(Source material):
****************

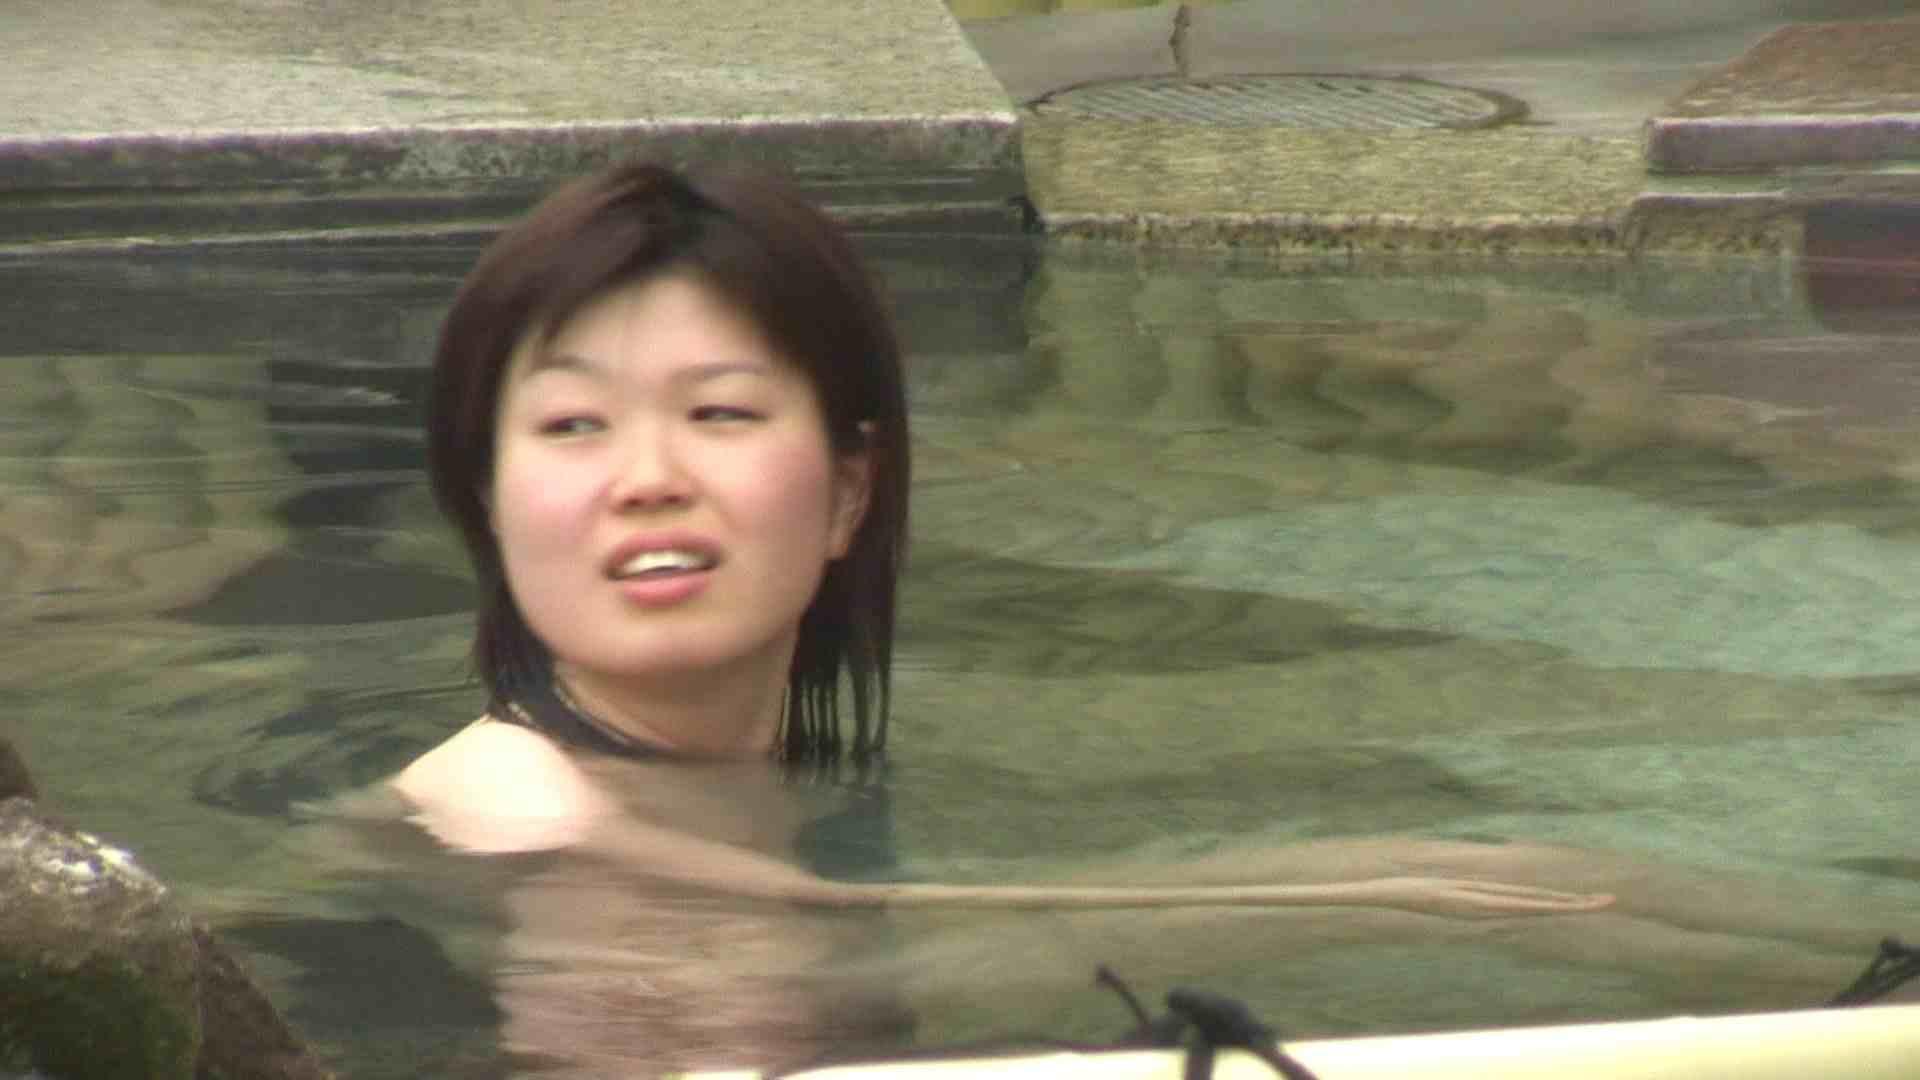 Aquaな露天風呂Vol.675 露天 オマンコ動画キャプチャ 77画像 29
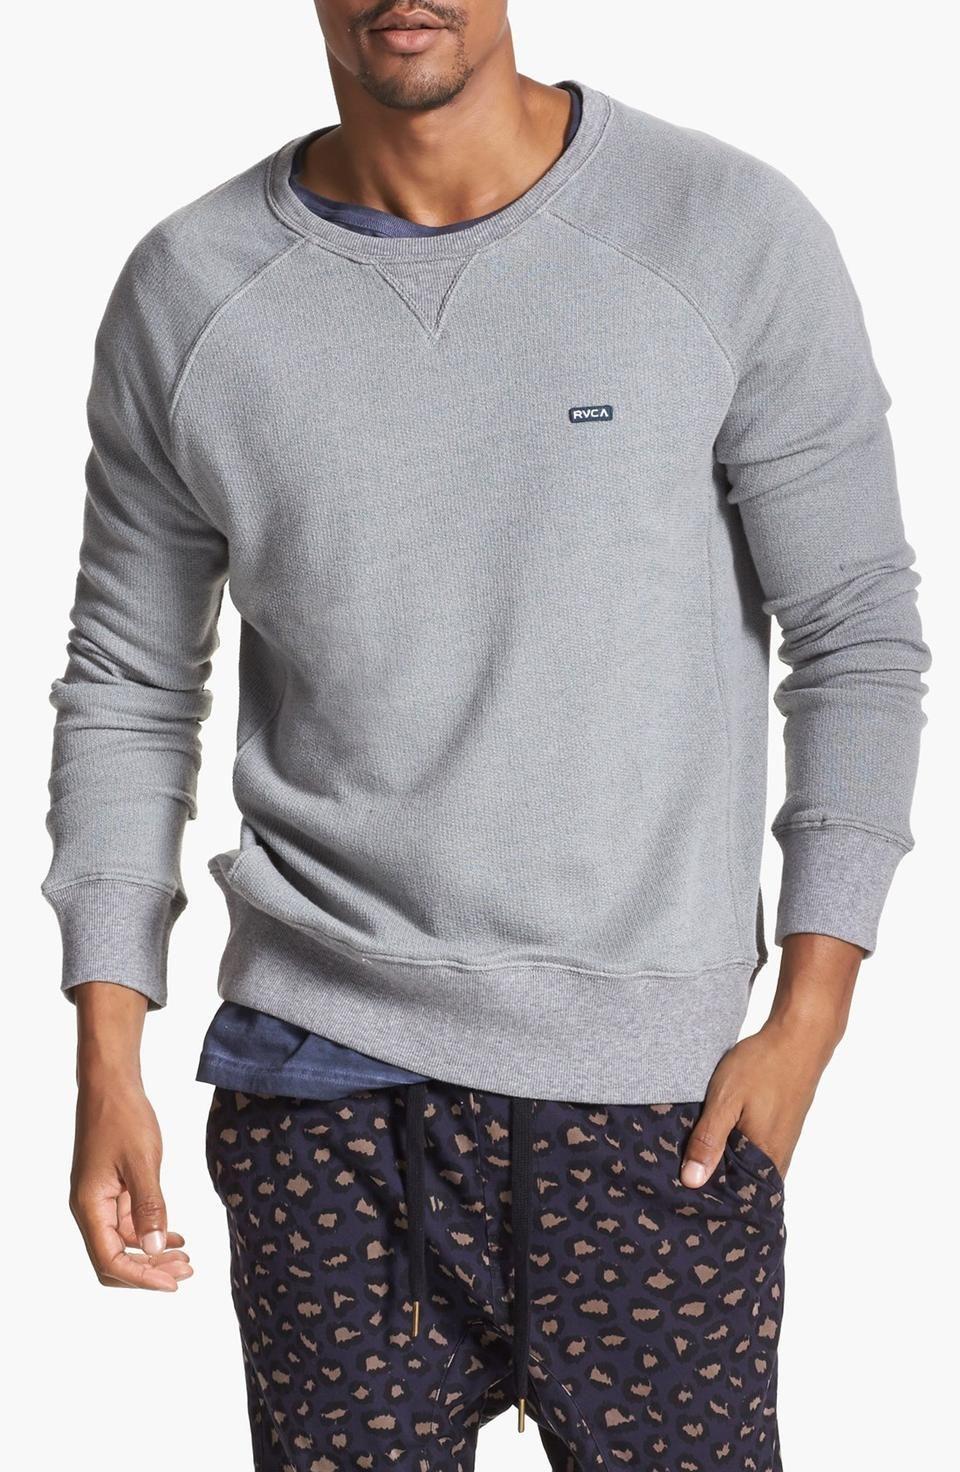 Rvca Captured Crewneck Sweatshirt For 50 Wantering Grey Sweatshirt Mens Sick Clothes Simple Sweatshirt [ 1472 x 960 Pixel ]
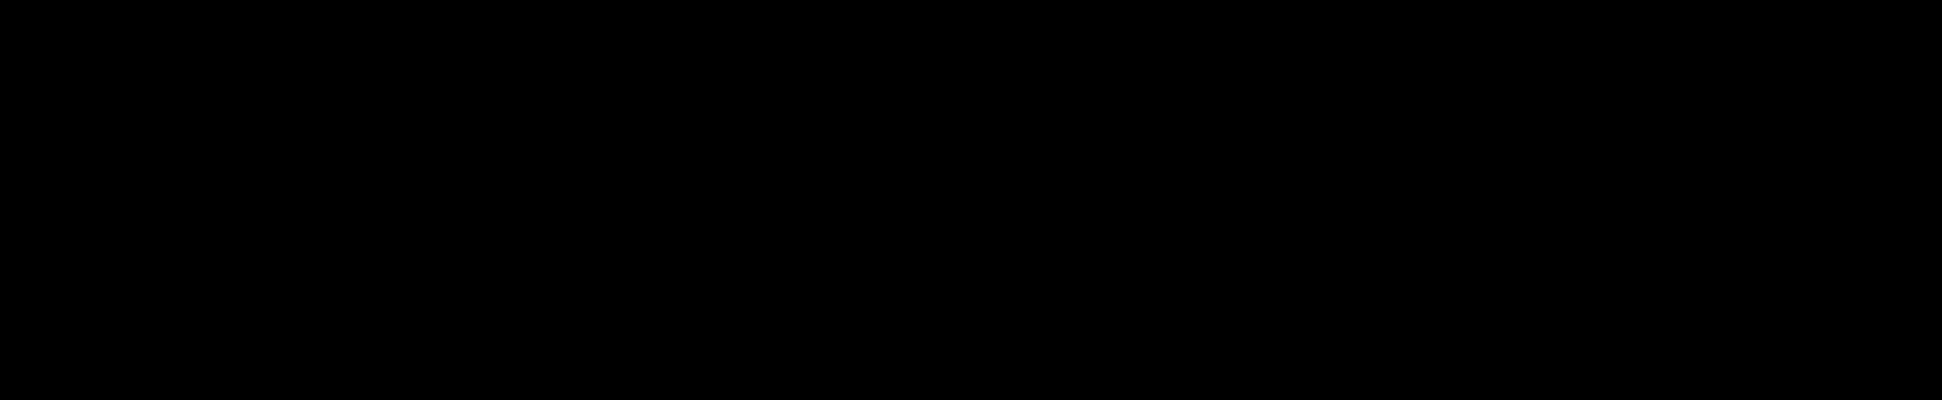 DPPE hydrochloride
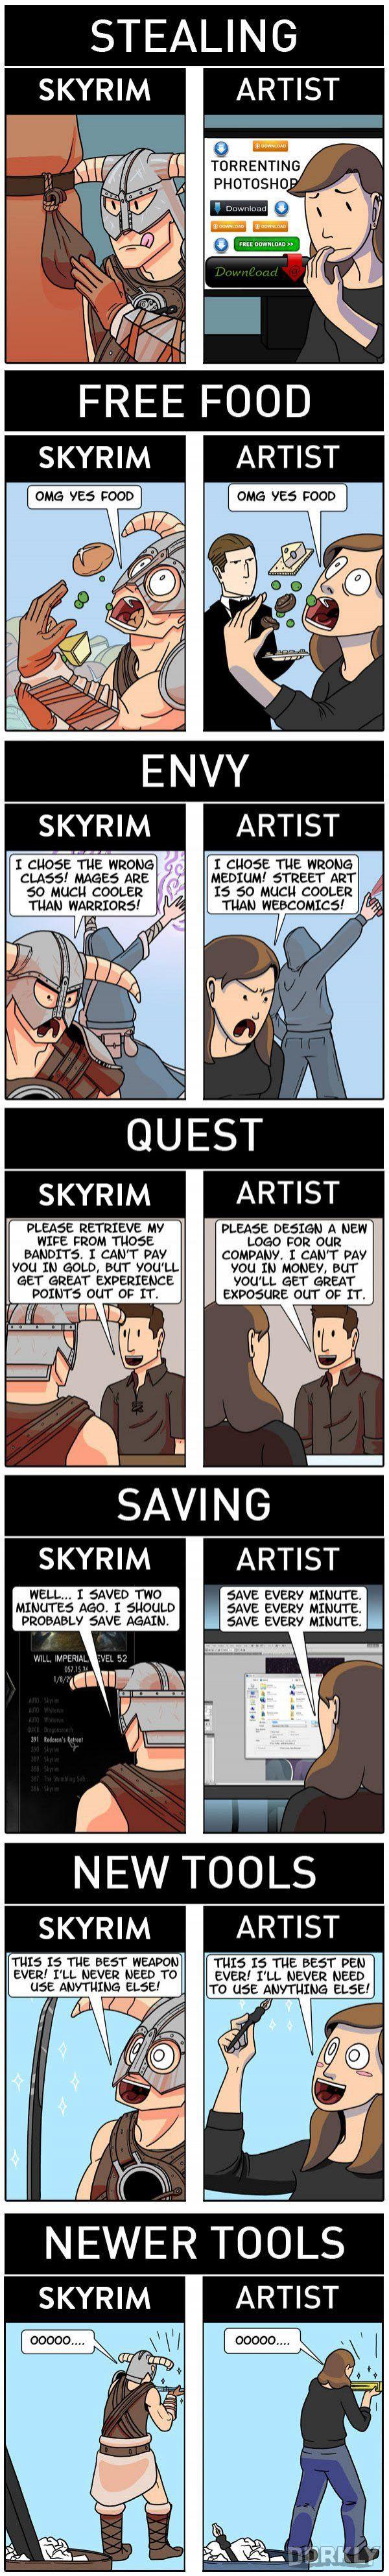 """How Skyrim Perfectly Describes the Life of an Artist"" #dorkly #geek #skyrim"

****************

(Activity): Would you copy out the data exactly, leaving every picture out?

(Completed exercise):
 Aquaな露天風呂Vol.675 露天 オマンコ動画キャプチャ 77画像 29
 Rvca Captured Crewneck Sweatshirt For 50 Wantering Grey Sweatshirt Mens Sick Clothes Simple Sweatshirt [ 1472 x 960 Pixel ]
 DPPE hydrochloride
 """How Skyrim Perfectly Describes the Life of an Artist"" #dorkly #geek #skyrim"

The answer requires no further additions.